Now, to your questions... You'll find marinas everywhere, but with so many anchorages and beaches you'll probably prefer to anchor out. As you've noted, it's a small area geographically, but there are TONS of little bays, coves, cuts and secluded beaches to get to know. Water and fuel is never far and water is free at the dock. Ice is plentiful and cheap if you buy it where the fishermen get it (at the dock). There are lots of restaurants everywhere and for every budget and taste- ranging from delightfully simple and inexpensive places on the beach where you eat fresh fish served with rice and beans and a salad (washed down with a "caipirinha" or a cold beer) to rather sophisticated restaurants with excellent menus, but still charmingly rustic. Again, you don't have to go far to find places to eat. It's probably about the same price to eat out than it is on board. Groceries are not as easy to find and involve pulling into a marina (like "Piratas") or hiking to a shop. A good idea is to get hold of the little guide book that is published yearly with the Brazilian magazine "Náutica". It has a listing of essential services and chartlets for fuel, marinas, restaurants, beaches, sights etc. It's handy. I can probably find one for you if you can't get hold of one. Otherwise look for this book: "Cruising the Coast of Brazil" - by Marçal Ceccon.

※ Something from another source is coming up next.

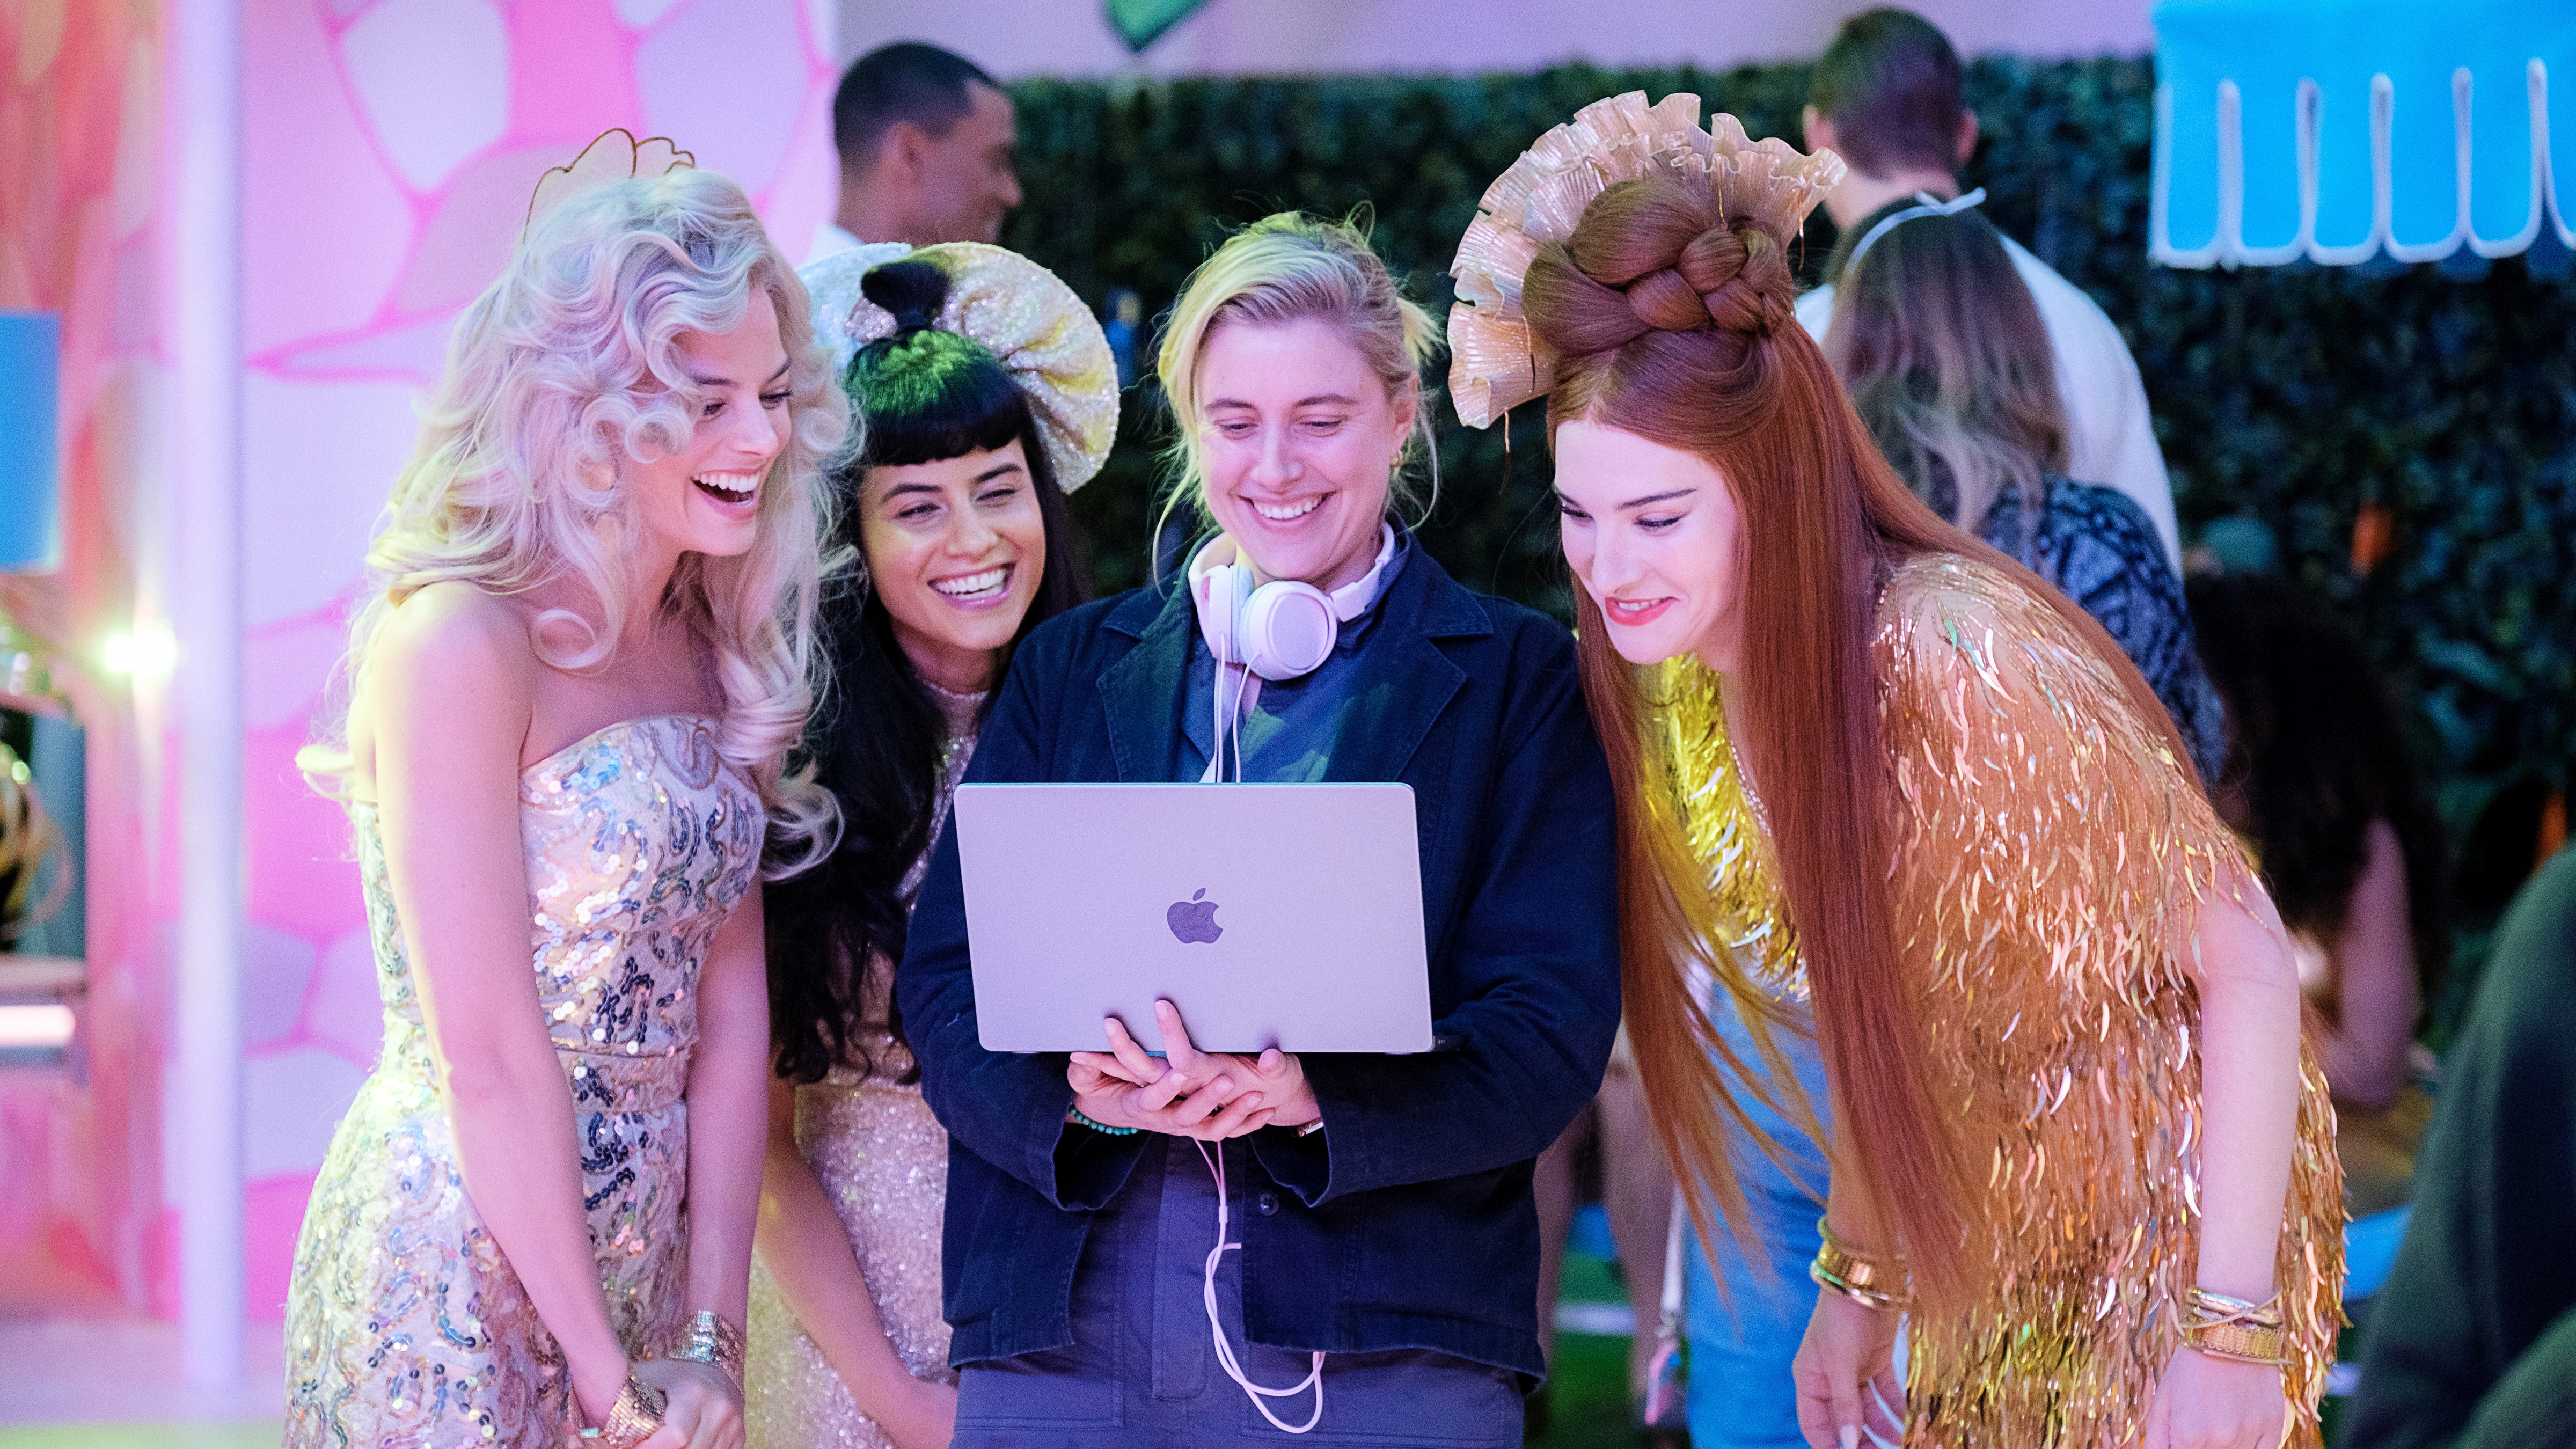 An image of Greta Gerwig on the set of Barbie, looking at a laptop, surrounded by Barbie stars (including Margot Robbie)

found here: A Moana Livros especializada em Náutica e Aventura

You can sail around Ilha Grande and everywhere you go there are plenty of safe and protected places to anchor. Just check for cold fronts if you plan to go on the outside of Ilha Grande, otherwise the biggest complaint in the region is the lack of wind!
All the best and bons ventos!


----------



## TSOJOURNER (Dec 16, 1999)

I have met with crew and they have two concerns: one is regarding lack of wind. Understanding that there is no guarantee regarding weather but are there some general guidelines? Are there mountains nearby affecting the winds? The article I read indicated there would be morning calms then as the land heated up afternoon breeze would come up 12 - 18 kn. Are there some long sailing legs between ports? By that I mean 20 nm or more or do you have to zig zag, excuse me - do a lot of tacking, between islands and anchorages?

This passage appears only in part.